In the first few months I began coming to Harvest, helping with sound, I began to feel a belonging. I had found a place where I was not just making a difference, but making a difference for a “good cause”. A rewarding feeling. As I began playing guitar and singing at Harvest, I began to feel like music had a greater purpose. I wasn’t just singing and playing to feel good, or sound good, or make good music anymore. I began to sing to God. A rewarding feeling. I began to feel music move me more than it ever had before. I’d find myself singing alone at home like I’d always done (practicing) but I wasn’t alone anymore. I was singing to God, communicating. God was there. Calling me, leading me, fulfilling me. A rewarding feeling!

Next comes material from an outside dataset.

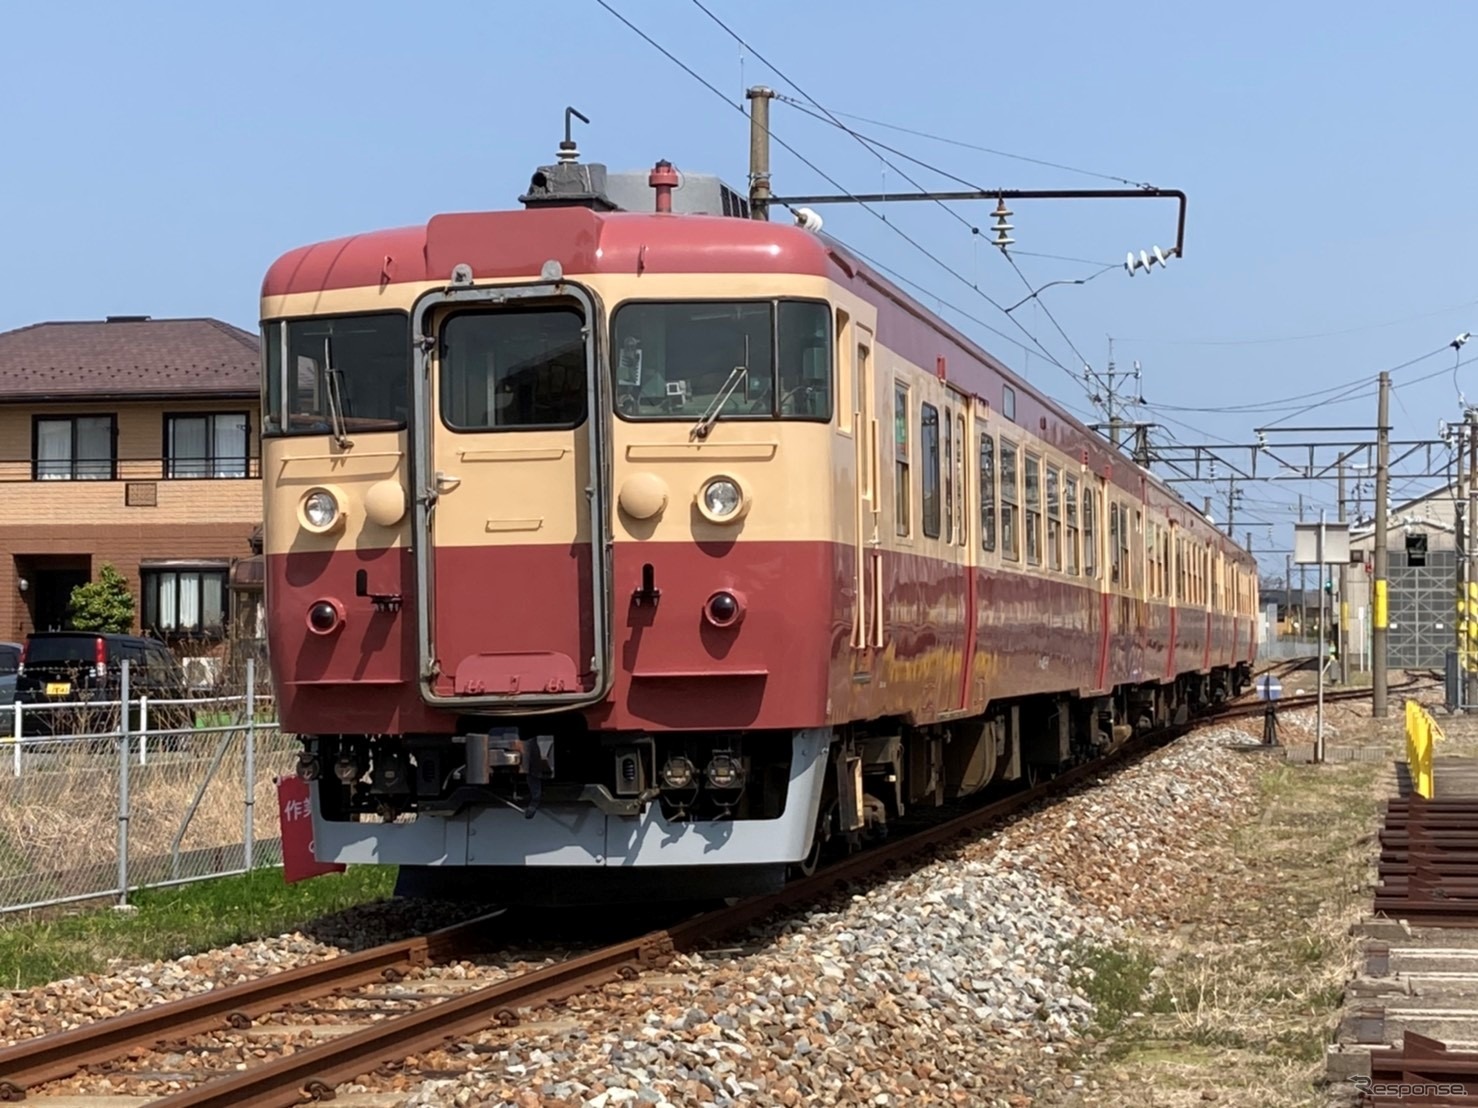 えちごトキめき鉄道がJR西日本から購入した413・455系電車。元は急行型交直両用電車455・475系だったため、このような国鉄急行色に塗り替えられた。

I always knew music could move people. Now I felt I could help move people closer to God with music. An awesome calling. At some point, near the beginning of those events, I was reading a book called The Case for Christ. One morning while reading that book alone at home, I came across a quote from Scripture:
You shall know the truth, and the truth shall set you free.
I sat there staring at that phrase, and suddenly what seemed like a rush of wind blew down on me. I looked up, I thought the fan had come on or there was a hole in the roof, it was very strong. I was baffled and astonished, and suddenly very tired. I closed the book and went to lie down in bed. I was asleep in minutes and had a dream that a close friend of mine, who had died a few months previous, was standing beside my bed saying something like, “See Dan, now you know, stay on this path. You’re doing the right thing now.” It was so real I woke right up, sat on the edge of the bed looking around the room for my friend Murph. I just started crying. Things have been different ever since.
My work at Harvest has become what I’m all about. I’m very proud to be on staff here. I work at three other jobs, but this work at Harvest is where my heart is. Or is it really my heart?